Department of Social Research, University of Turku, Finland

** kim.j.holmberg@utu.fi

https://orcid.org/0000-0002-4185-9298

Department of Social Research, University of Turku, Finland

Twitter is a popular platform to discuss and share scientific articles. Earlier altmetrics studies have often focused on investigating whether the number of tweets mentioning scientific articles could be used as an indicator of scientific impact or attention, with results showing weak to moderate correlations with citation counts and some disciplinary differences. But all tweets may not be equal, as original tweets and retweets may reflect different levels of engagement and, with that, impact. This research analyzed whether the correlation between citations and original tweets differs from that between citations and retweets and whether there is any disciplinary difference between the two. For this purpose, the relationship between original tweets and retweets and Scopus citations was analyzed for a total of 330,022 PLoS publications and compared over time and across subject fields. The findings showed that the correlations were strongest between citations and original tweets, and the relationship was stronger in Social Science and Humanities subject fields than in Natural Science, Engineering and Medicine. The results showed that tweets and retweets are very different, and thus they should be considered two different metrics and analyzed separately.

1. Introduction

Twitter is a popular social media platform where users (often called tweeters) can publish and share content to their network of followers. Through retweeting tweeters can easily disseminate content that someone else has originally published. While creating an original tweet can take a bit of effort, retweeting can easily be done just by clicking or tapping on a button, thus it seems fair to say that retweeting doesn’t require as much effort as tweeting does. Because of that we can also argue that retweeting signals less engagement than creating and publishing an original tweet does.
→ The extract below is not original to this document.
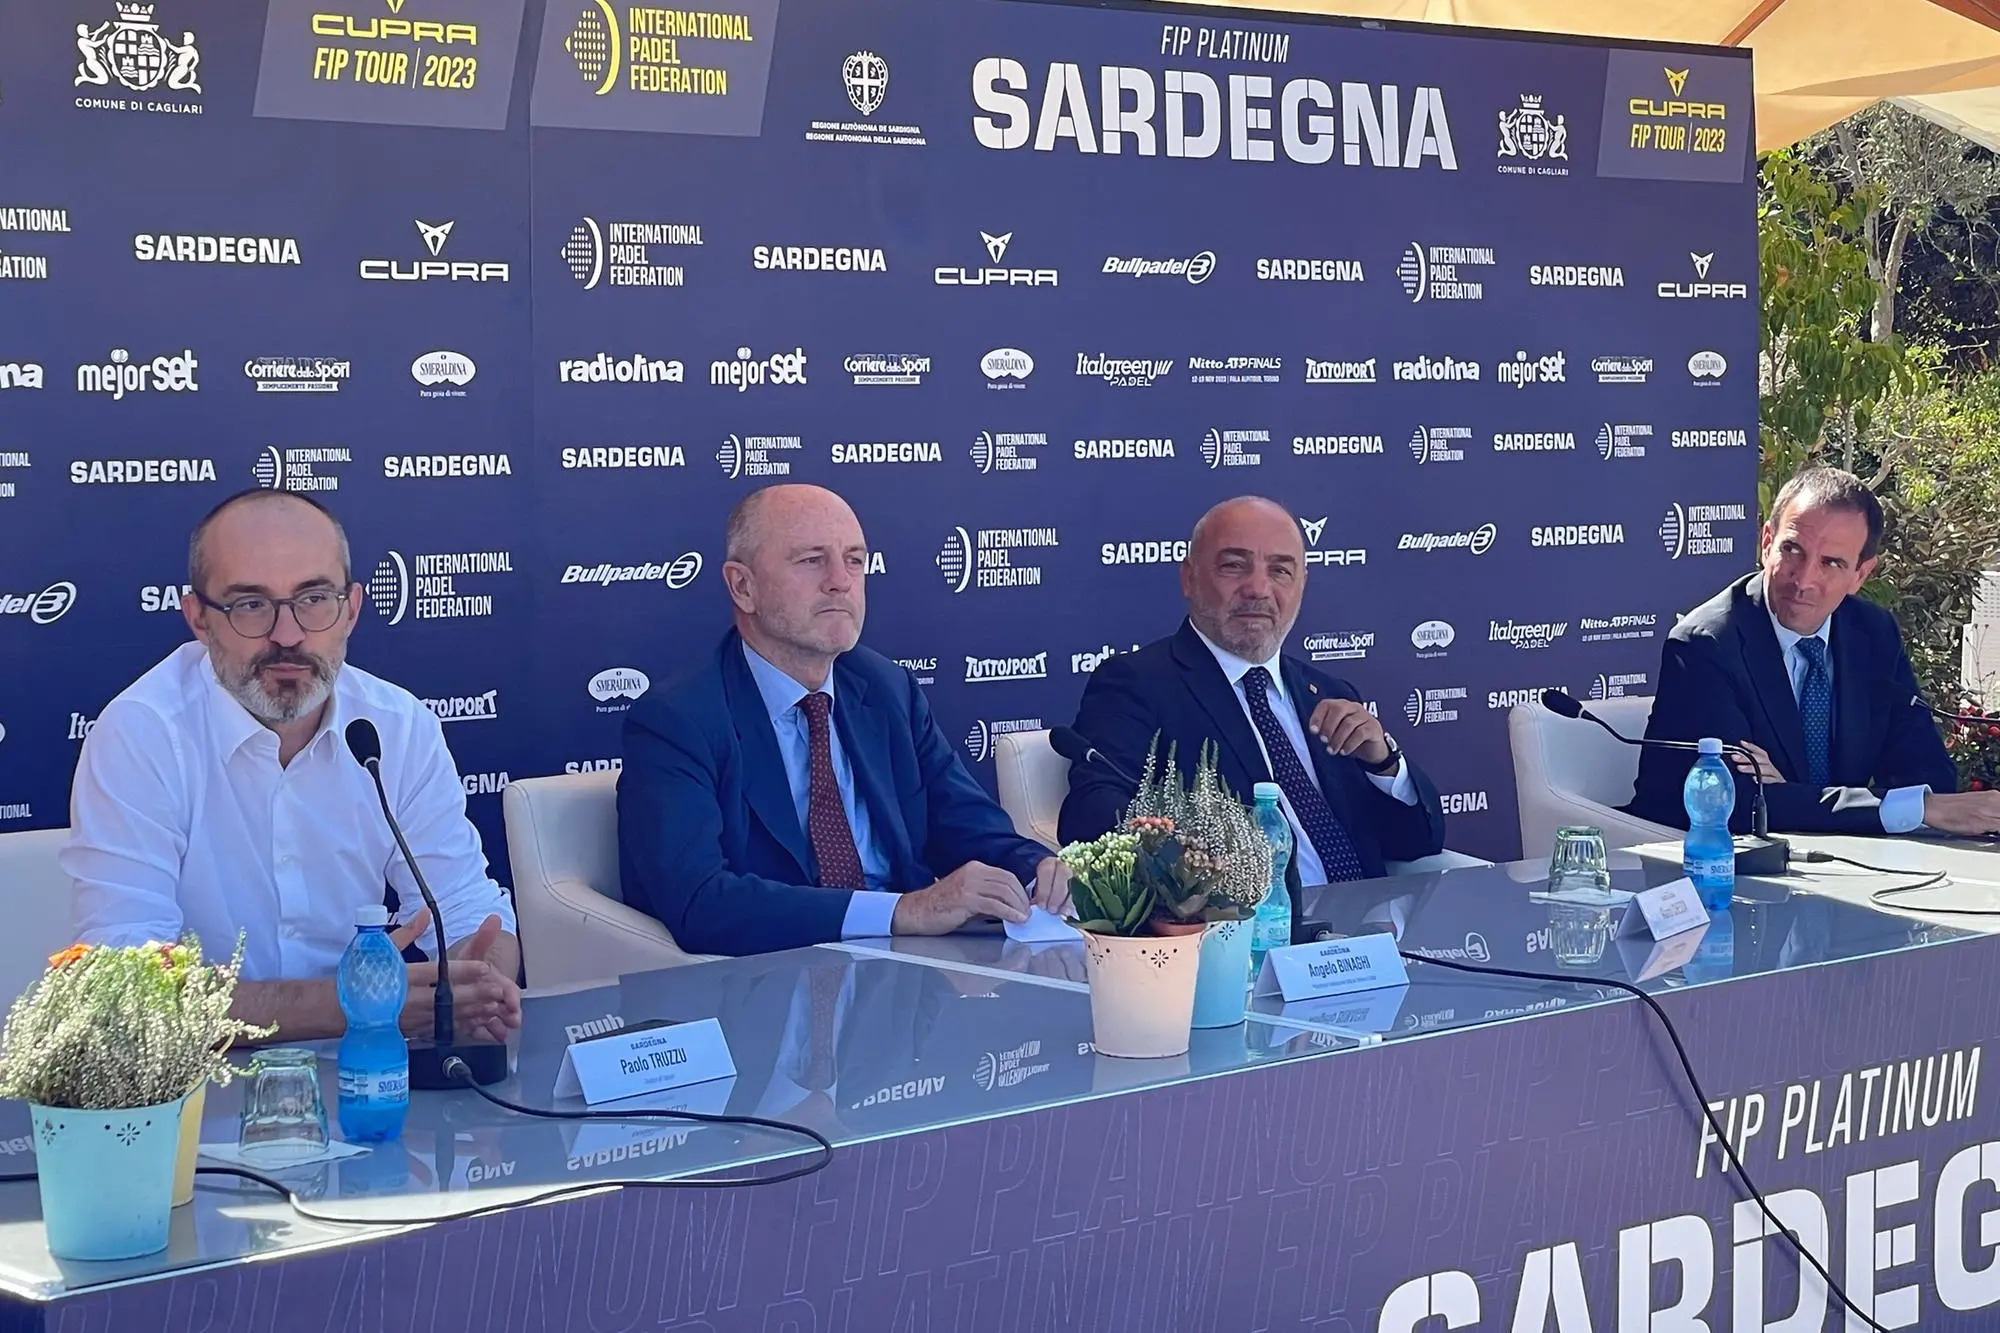 La conferenza stampa di presentazione del Fip Platinum Sardegna al Tennis Club Cagliari (foto Spignesi)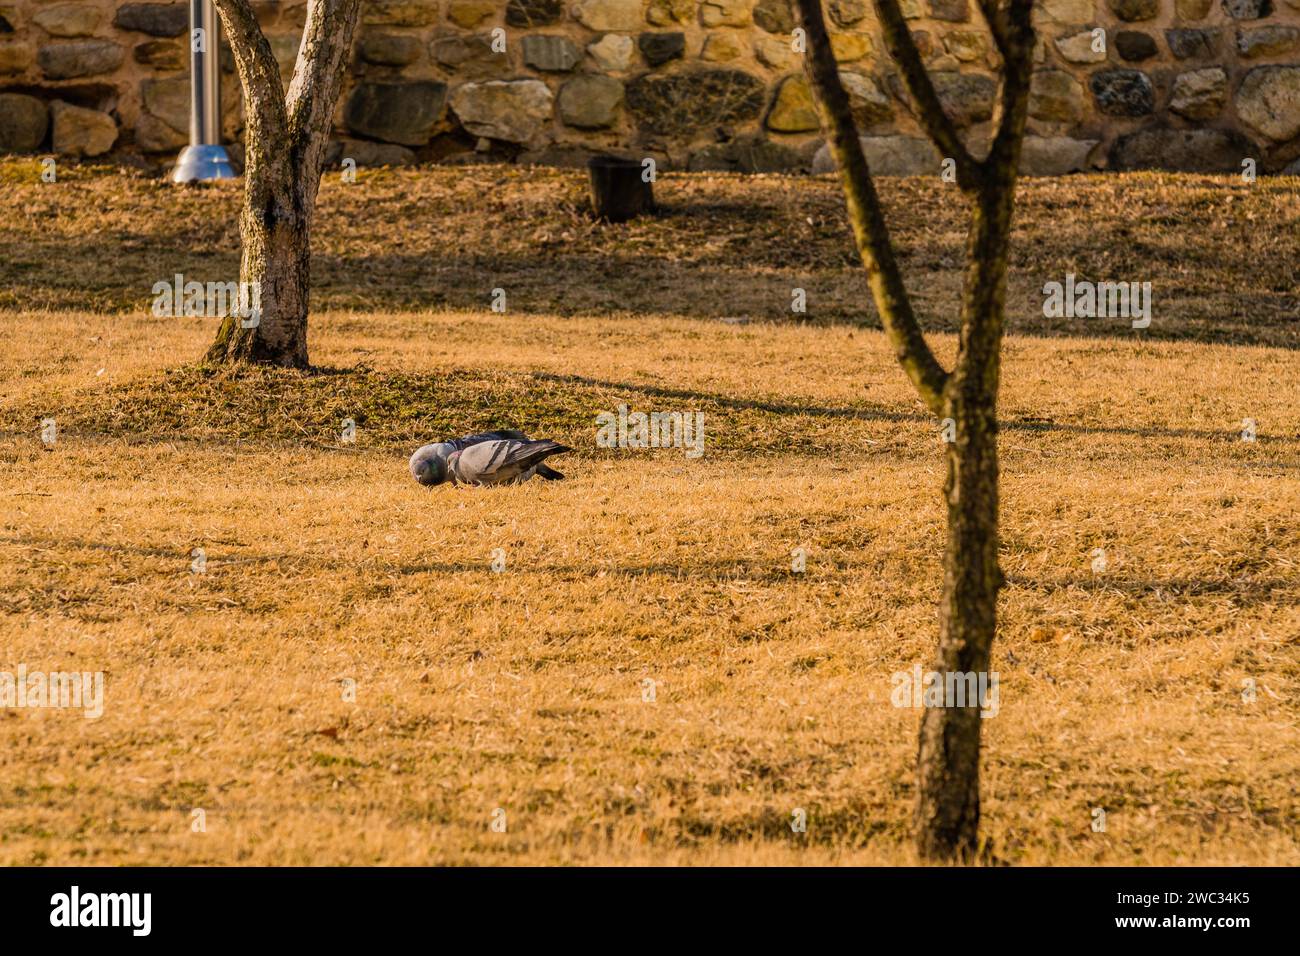 Stormo di piccioni a terra che si nutrono in un parco in una mattinata di sole Foto Stock

In altmetrics, i.e., the measuring of engagement or attention that scientific outputs have received online, Twitter is one of the main data sources, as there is significant activity around scientific articles on the platform (Costas et al., 2015; Haustein et al., 2015). Often in altmetrics research tweets and retweets are counted as one measure, without making any distinction between them. We argue that because the two acts are fundamentally different, indicating different levels of engagement and possibly attention or impact, combining them in statistical analyses may lead to false results. The goal of this research is to investigate whether this is true, and whether original tweets and retweets should be analyzed separately in altmetric research.

2. Background

Much of early altmetrics research focused on examining whether altmetrics could be an alternative to traditional citation-based measures of impact. The research focused on testing for correlations between tweets and citation counts, providing some mixed results with large scale studies (e.g., Barthel et al., 2015; Costas et al., 2014, 2015) showing lower correlations between tweets and citations than studies with more focused, journal or discipline specific samples (e.g., Eysenbach, 2011; Shuai et al., 2012). Earlier research has also discovered disciplinary differences in how scientific articles get tweeted, as scientific articles from social sciences and biomedical and health sciences tend to attract more attention on Twitter than articles from mathematics and computer science, and natural sciences and engineering (Costas et al., 2015; Haustein et al., 2015). Other characteristics too, such as the length of the article (Haustein et al., 2015), OA status (Holmberg et al., 2020), and research funding (Didegah et al., 2018), may have an influence on the attention scientific articles receive on Twitter. A more recent study investigated how different types of user engagement behaviors on Twitter, i.e., liking, retweeting, quoting, and replying, were used in connection to scholarly content (Fang, Costas, & Wouters, 2022). The results showed that while likes (44%) and retweets (36%) were frequently used, quotes (9%) and replies (7%) were less frequent. While earlier research has already shown disciplinary differences in the uptake of scientific articles on Twitter (e.g., Haustein, Costas, & Lariviére, 2015), and how researchers use Twitter (Holmberg & Thelwall, 2014), the results by Fang, Costas, and Wouters (2022) showed that there are disciplinary differences also in the ways with which users engage with scientific content on Twitter. But do the disciplinary differences extend to both tweeting and retweeting? Or are the possible differences evened out if tweets and retweets are treated as same? This research investigates possible disciplinary differences between tweeting and retweeting, as well as if there are any differences in how citation counts correlate with the number of tweets and retweets.

3. Method

3.1. Data

A total of 330,022 PLoS publications published between 2003-2023 were extracted from Scopus in April 2023. The extracted publications were published in nine PLoS journals and eight proceedings, with majority of the papers (94%) being journal articles. Altmetric.com was used to extract separate datasets of 1) all tweets and 2) original tweets, which were then used to count the number of retweets for each paper.

3.2. Subject fields

As all PLoS papers are only classified as multidisciplinary in Scopus, we used the classification used by altmetric.com (Australian and New Zealand Standard Research Classification 2020 (ANZSRC)1) to assign subject fields to each article. For the analysis we used:

(1) first subject field of each paper (no duplicates); and

(2) all publications in a subject field (duplicates included between subject fields).

Table 1 shows the number of publications when counting only first/primary subject field and all publications within a subject field. The first 11 fields in Table 1 are from Natural Science, Engineering and Medical and Health Sciences (STEM) and the second 11 fields are from Social Science and Humanities (SS&H). Of all the publications about 19% have not been assigned to a field; these mostly were Erratum and non-tweeted.

Table 1. Number of PLoS papers according to first/primary subject field assigned and total number of publications in a subject field (including duplicates).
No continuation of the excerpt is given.